Low income countries receive donor support for the procurement of IVD for priority diseases such as HIV/AIDS, malaria and TB. Donors face a dilemma when selecting products that do not have regulatory approval as they do not have independent guidance on their safety or the quality of manufacture. Mechanisms to assist donor agencies include advice from agencies such as the US Centers for Disease Control and Prevention. WHO has a program to examine the quality and safety of tests for HIV and malaria in a process called prequalification. Advice to manufacturers regarding the process and a list of successfully prequalified IVD is available on their website [39]. WHO does not have a legal mandate to regulate medical products but prequalification is a helpful guide where recommendations from NRA are not yet available. TB tests have not so far been included in the prequalification program. The WHO TB Strategic and Technical Advisory Group (STAG TB) have endorsed some technologies following review of data on their performance published in the scientific press and provided by test developers. They have adopted the GRADE system of evaluating evidence where the strength of recommendations may be moderated dependent on the quality of the evidence that is available for review [40,41]. However, systematic review of product safety and quality of manufacture is not undertaken.

6. Conclusions

Control of infectious disease in developing countries is hindered by the suboptimal provision of diagnostic services and action is needed to remedy the situation. Encouragement is needed to promote innovation to address the needs of populations that are blighted by diseases such as HIV/AIDS and TB. Laboratories are often inaccessible, poorly resourced and lacking basic amenities and new tests are needed that can be used outside of the laboratory offering improved access to diagnosis, particularly for persons living in remote or rural areas.

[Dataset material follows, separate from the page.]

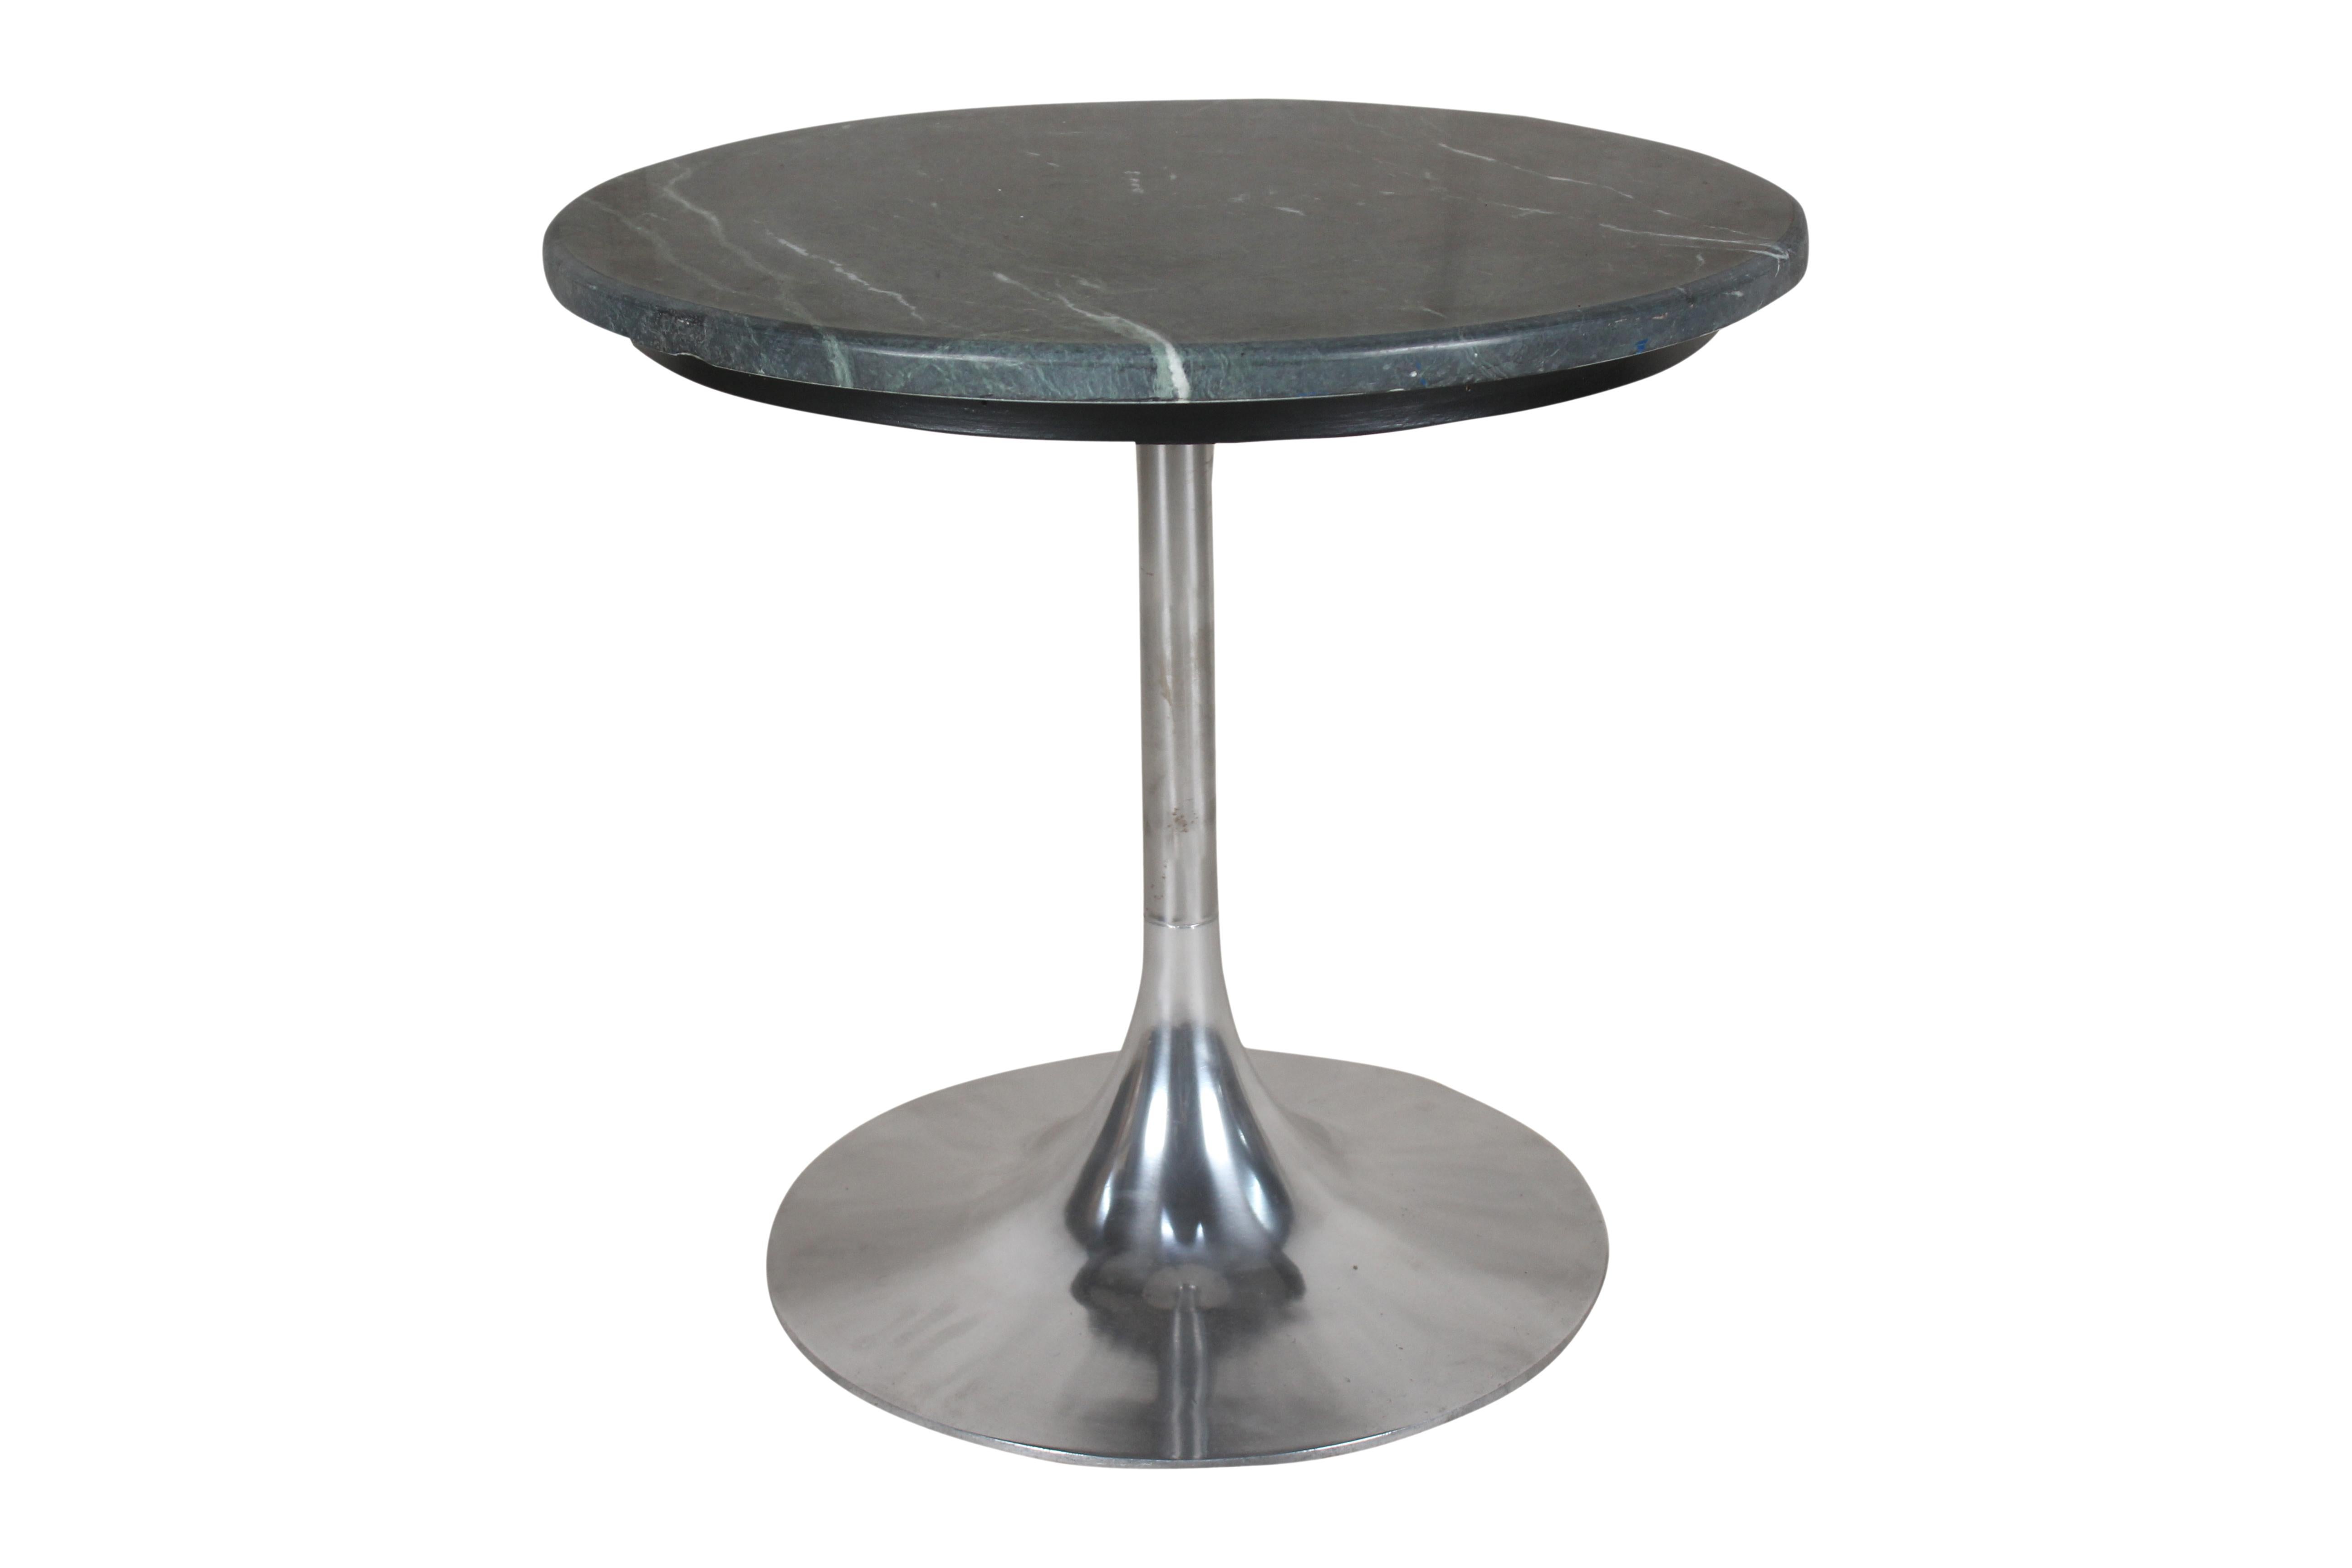 Two pieces to use as side or end tables or as a coffee table, featuring a chrome tulip or trumpet base. Green marble tops with lovely matrix. Priced individually since you may not need a pair. Mid-Century Modern.
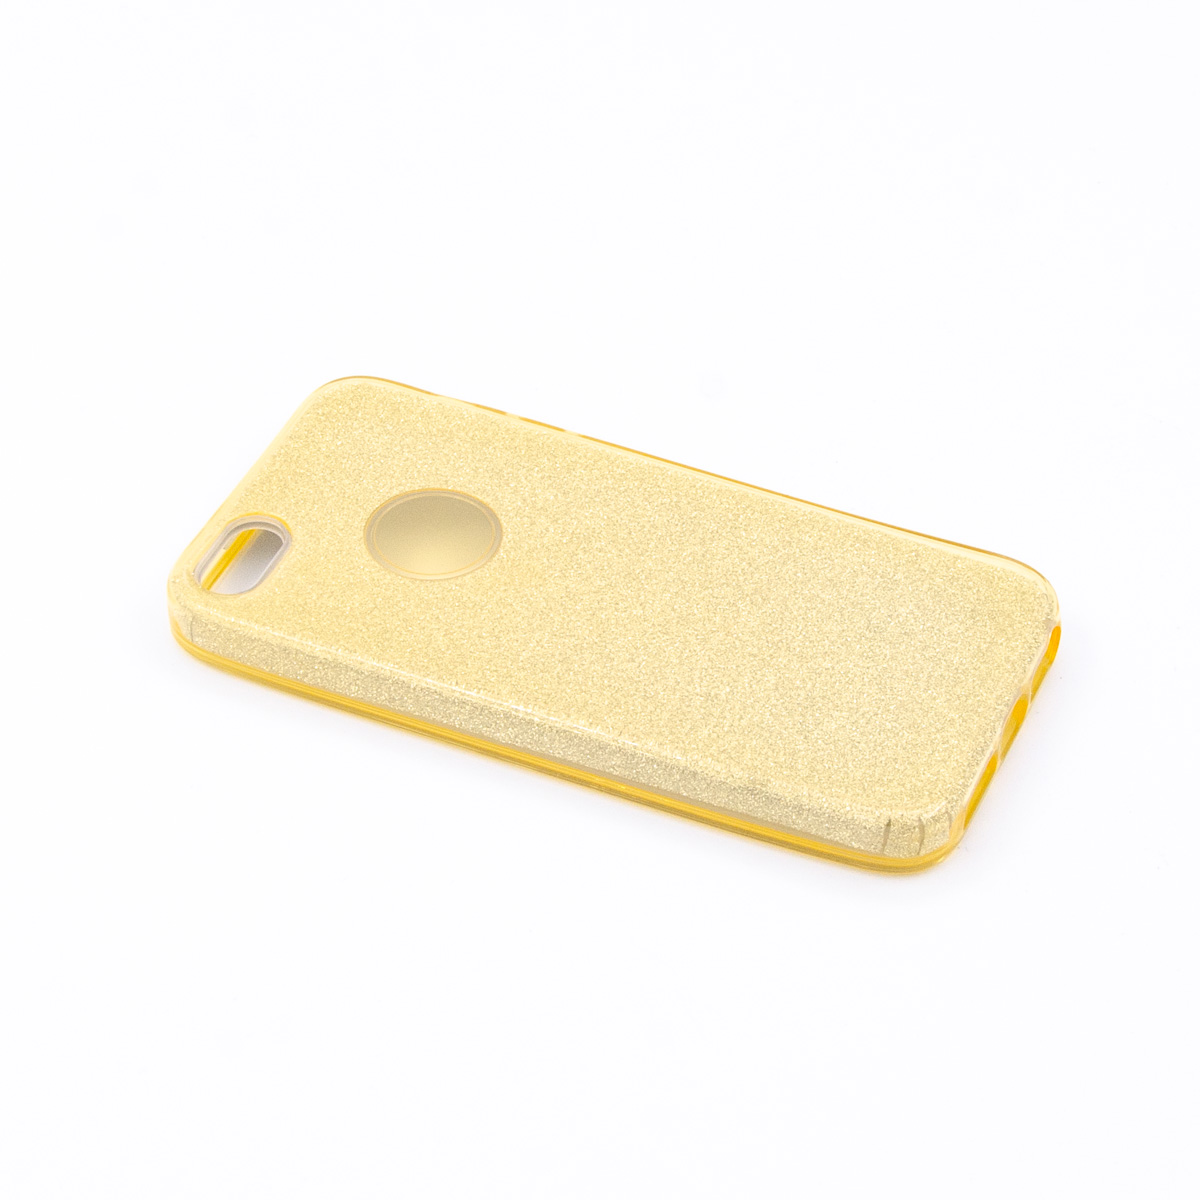 Tpu sparkly shine for iphone 5/5s/se (gold)

Recent advances in technologies for sample manipulation and detection offer new possibilities to develop easy to use, rapid tests. Such tests should be robust and capable of withstanding the temperatures and dust levels found in tropical climates. They also have to be affordable. Despite the considerable hurdles facing test developers and manufacturers, new devices continue to be developed; however, many promising technologies fall by the wayside and do not enter the market. Efforts to streamline regulatory processes should be encouraged to reduce unnecessary costs and accelerate premarket approval of devices found safe and beneficial the population.